I’ve tethered myself to the water heater using a rope left dangling from the ceiling of my garage. The rope is frayed, peppered with limbs of insects that’ve otherwise escaped, and scratches against my hips since I haven’t put on a shirt. I bought this house at an auction. The rope was the only thing included with my purchase.
Gravity is weaker today. The feral cats land on the roof in one leap. The fronds of my palms stick out like unkempt hair. After my morning run, my sweat didn’t drip. My old college desk, which usually sags with the weight of a dozen half-empty handles of liquor, appears to sit level. The rope is a safety measure.
Sexually frustrated sparrows and helicopters from the naval base harmonize and I wonder if sound is leaking into the atmosphere.
My buddy Dakari calls, asks if I want to hoop at Sunshine Park. I tell him no, that I don’t trust my shot today. He offers to bring a pizza over, ice for my cooler. He’s worried about me after last night, when we ran into the woman I love at Jerry’s, when we saw that she’d replaced her hair with snakes.
They licked the air the way I wished to lick her.
On my run this morning, I hoped to sweat out my regret and was haunted by claps of the night before. Dropping the bucket on the floor. Pissing into the broken headlight of a rusty Chevy. Eating my receipt after my card was declined. Roping a nutria with my tie, convinced it was a mongoose. On my run this morning, I felt pretty good.
Dakari’s arrived with frozen pizzas and beers. From his backseat he pulls ice and a large candle the shape of a swollen face. The wick suggests it’s been used. He asks about the rope and I point out he’s not wearing a hat today.
“Perhaps, it floated away.”
“I think it’s still at Jerry’s.” Dakari likes to collect bottle caps when we drink.
We stick the pizza in the oven, ice in my mostly-full cooler, and Dakari explains the candle to me.
“It’s like an Ouija board, but instead of ghosts, we summon ideas,” he says. “When I tried my daughter, nothing happened, but when I asked about slips in the universe, parallel nooks, it melted.”
He sets the candle on my liquor desk, lights it, uses it to light one of the cigars, tells me to let it burn for a minute before giving it a go. He cracks a beer for each of us.
The woman I love said she changed her hair because her new husband allowed her to be herself, not that I’d asked.

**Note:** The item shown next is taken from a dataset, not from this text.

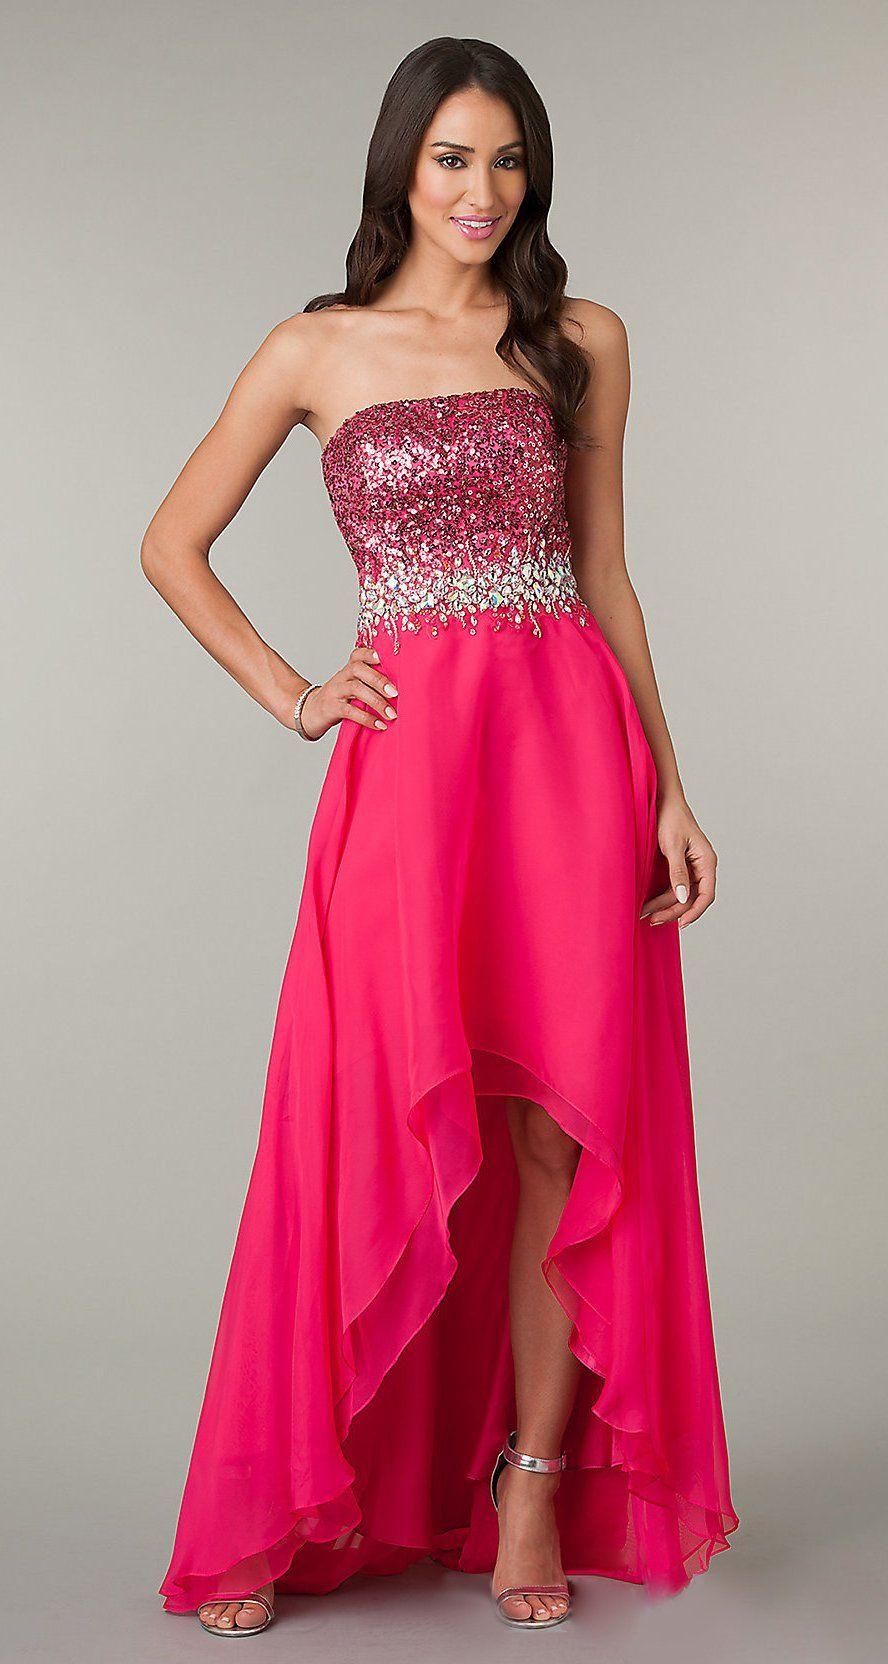 7d71ecc83e72c Beautiful High Low Watermelon Formal Prom Dress Strapless Sequins $199.99

Dakari and I were a table over, practicing our sober faces. We heard a hiss before we realized it was her. She was so loud, she must have seen me drool when I briefly fell asleep.
The candle is ready. I adjust the rope around my waist. A kid skating down the street ollies over a Jeep Wrangler. Dakari tells me to ask the candle something. I refuse. I believe it will melt in silence given enough time. Dakari’s cigar smoke settles about us like radio static.
We sit like that, a smile bent across his face while I wait for this candle to melt. It doesn’t. I ask about the woman I love, if there’s truly no hope.
“Ghosts don’t work, man,” Dakari says. “It’s got to be conceptual.” He pulls his cheeks out when he says this, chomps at the air. “Not what’s getting you down, but the essence of that.”
The kid outside ollies over the Wrangler again. This time he doesn’t come down. His mother runs out, looks to the sky, hands shielding her eyes.
“Does gravity lose steam?” I say.
Dakari claps his hands, a cloud stretches across the sun, the candle melts. The flame splits and reabsorbs and cracks. The wax doesn’t drip, rather, it rises. It moves like the St. Johns, and soon, drops of wax float above us. Dakari laughs, flicks them away like dead spiders.
“I’m not sure that’s what you were looking for, but it’s an answer.”
As I walked the nutria around Jerry’s parking lot, the woman I love called my name. She asked me how I was. Her snakes rubbed against one another, capable of fire. The nutria humped between a couple cars and I released my tie. I told her, “I’ve been running to curb the drinking.” Her snakes nodded at this, gave me a wink. That’s the last thing I remember.
The candle continues to melt upwards, fireflies of my own disconnect. I remove the rope from my waist. Dakari is inside grabbing the pizza, which may have burned, and the beer in my hand is empty. I step out to the driveway, search for the skateboarding kid, and find a sky collaged with terrestrial things. Garden lizards, dead leaves, fast food napkins, faded mulch, acorns, molted skin. I toss the can and watch it hover. I leap.